▸ **Work request**: What you copy should be the lines from the one with "100 cm Exterior Height 39,37 Inch" through the end of the entries, word for word. Omit the pictures.

▸ **Data for processing**:
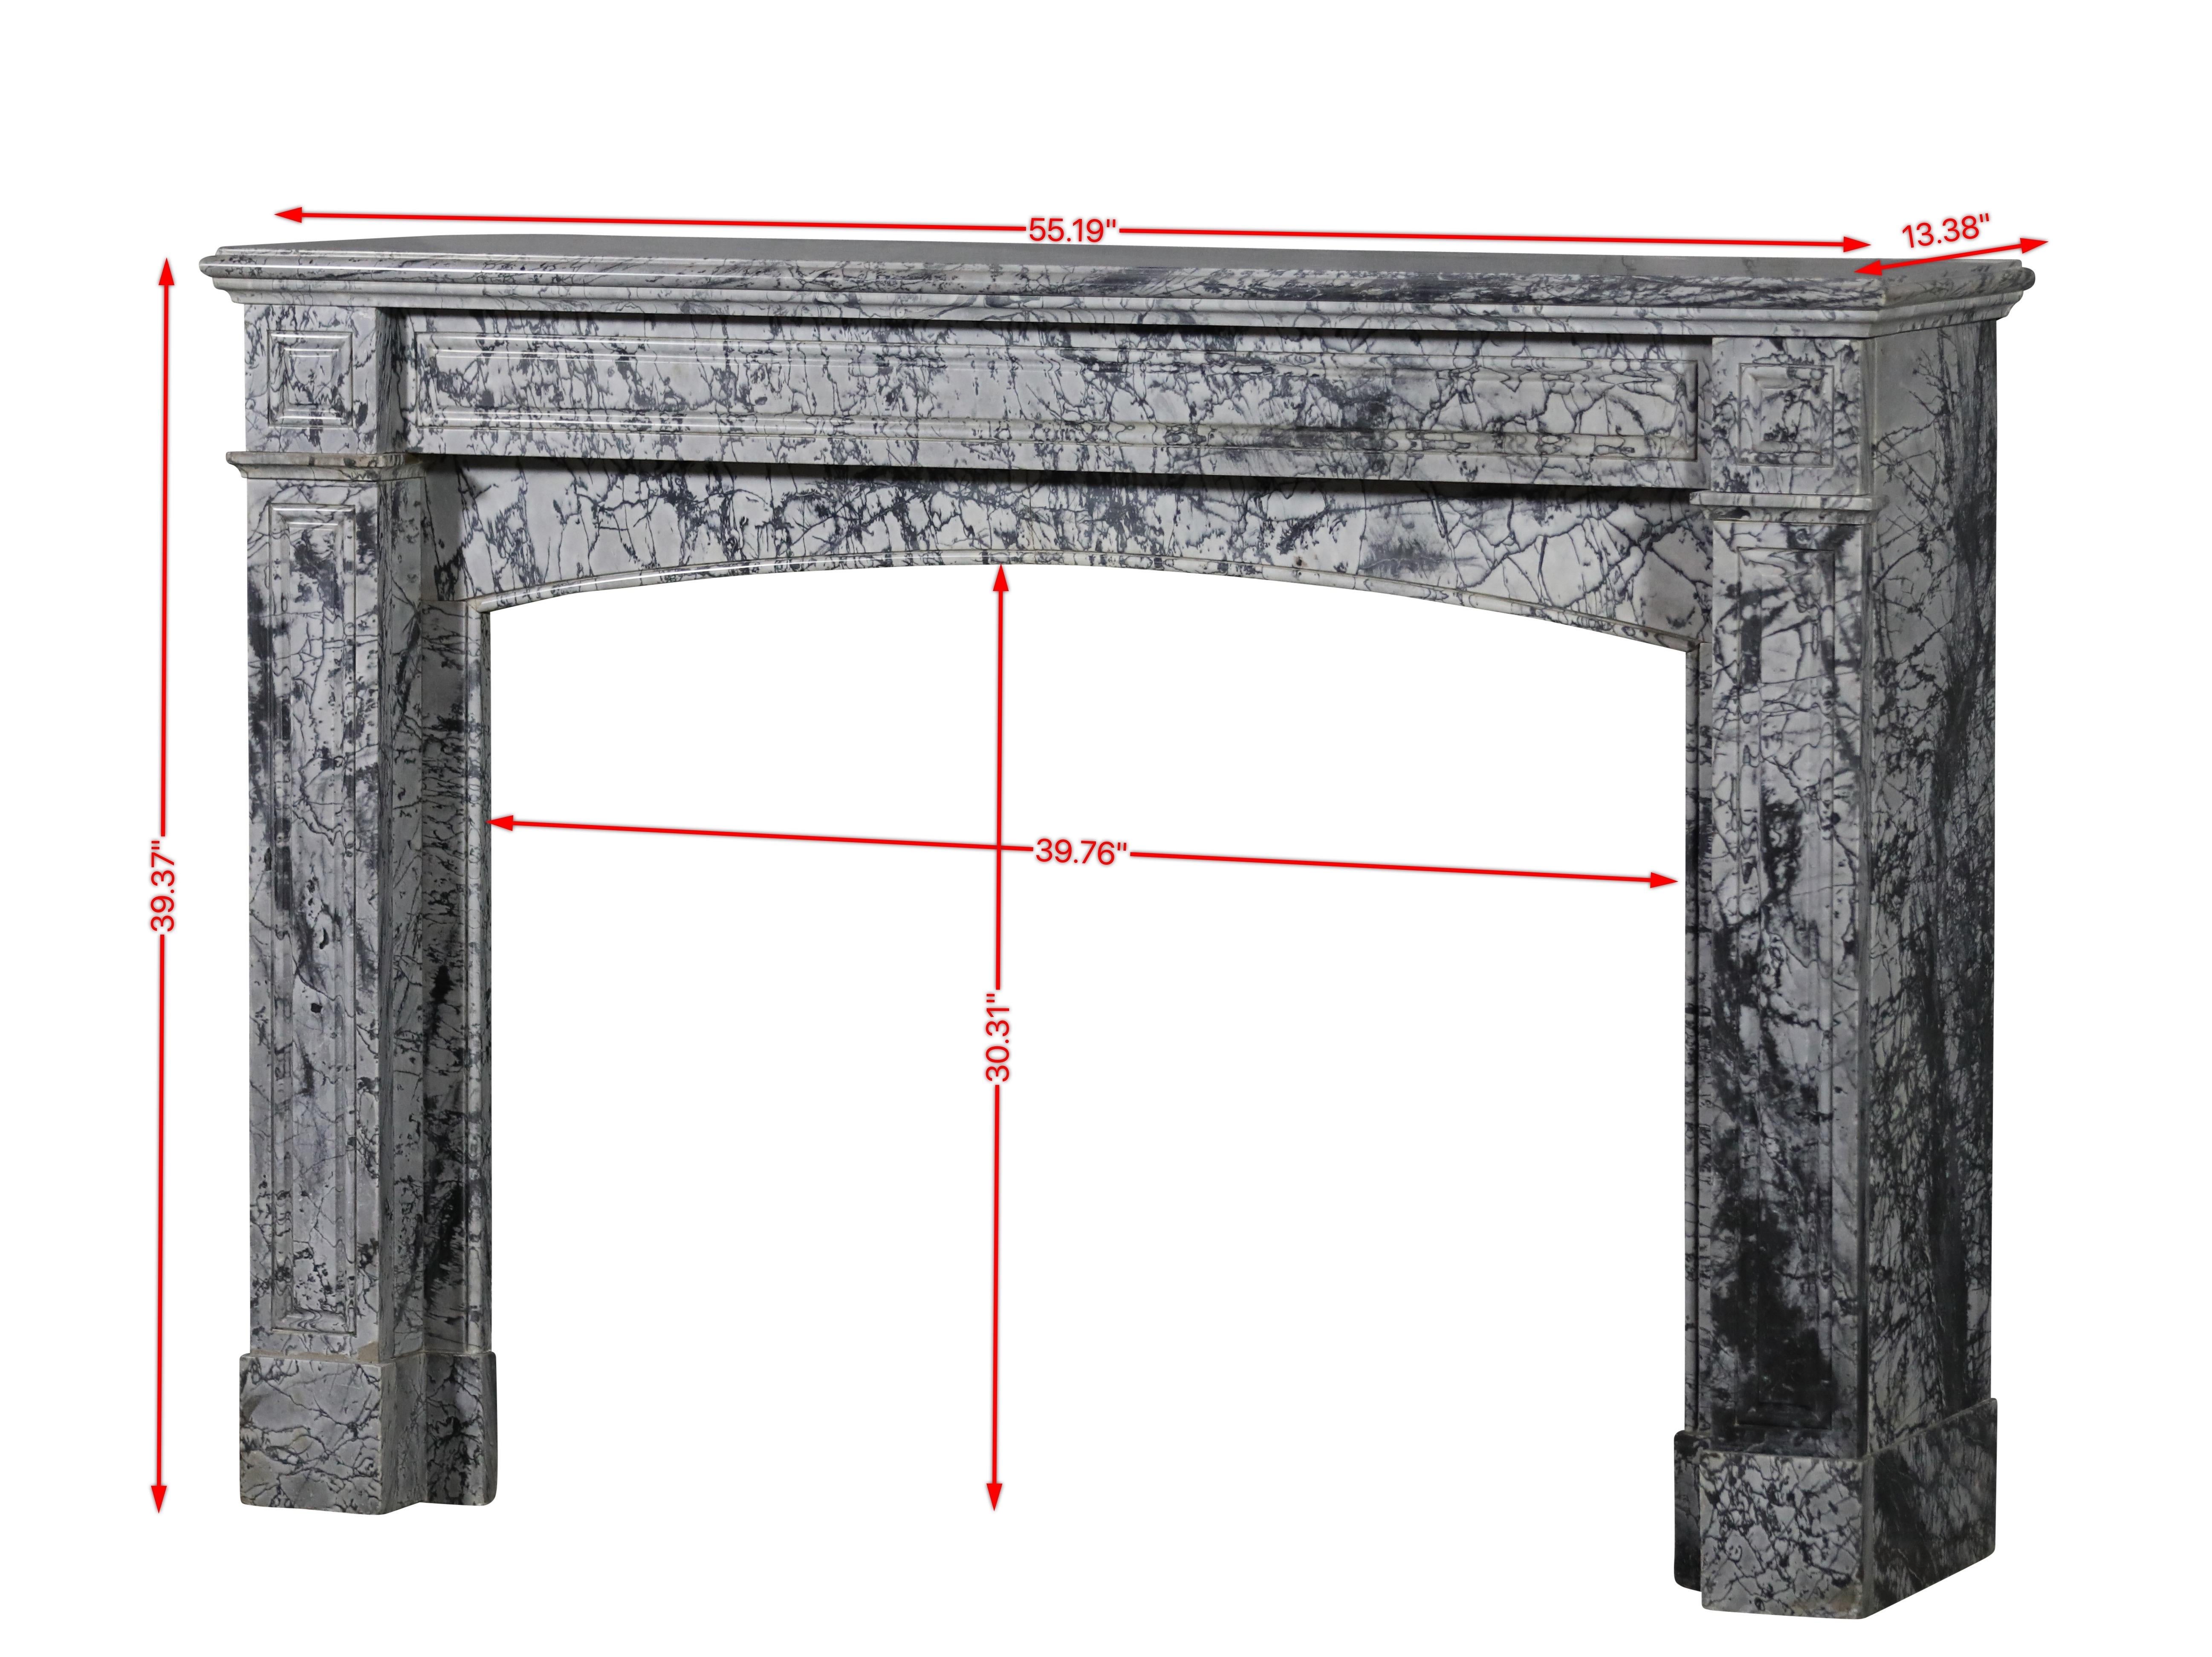 Decorative Bleu Turquin marble Louis Philippe period vintage fireplace surround reclaimed from a chateau bedroom.
19th century period.
Measurements:
140 cm Exterior Width 55,19 Inch
100 cm Exterior Height 39,37 Inch
101 cm Interior Width 39,76
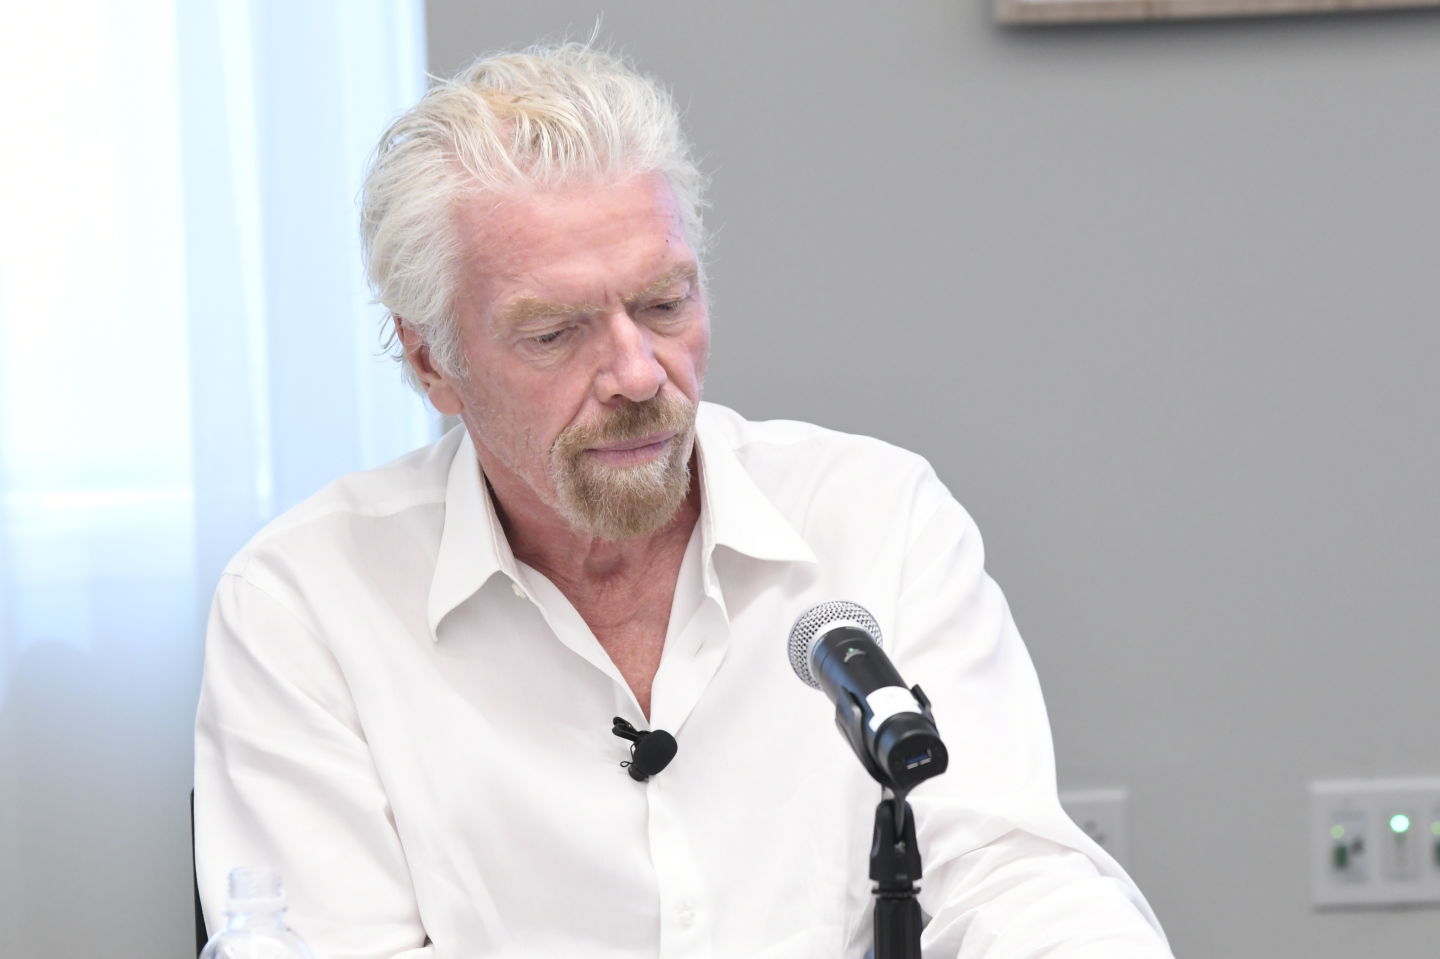 Richard Branson wearing a white shirt at a panel discussion

▸ **Result for this exercise**:
100 cm Exterior Height 39,37 Inch
101 cm Interior Width 39,76
 Richard Branson wearing a white shirt at a panel discussion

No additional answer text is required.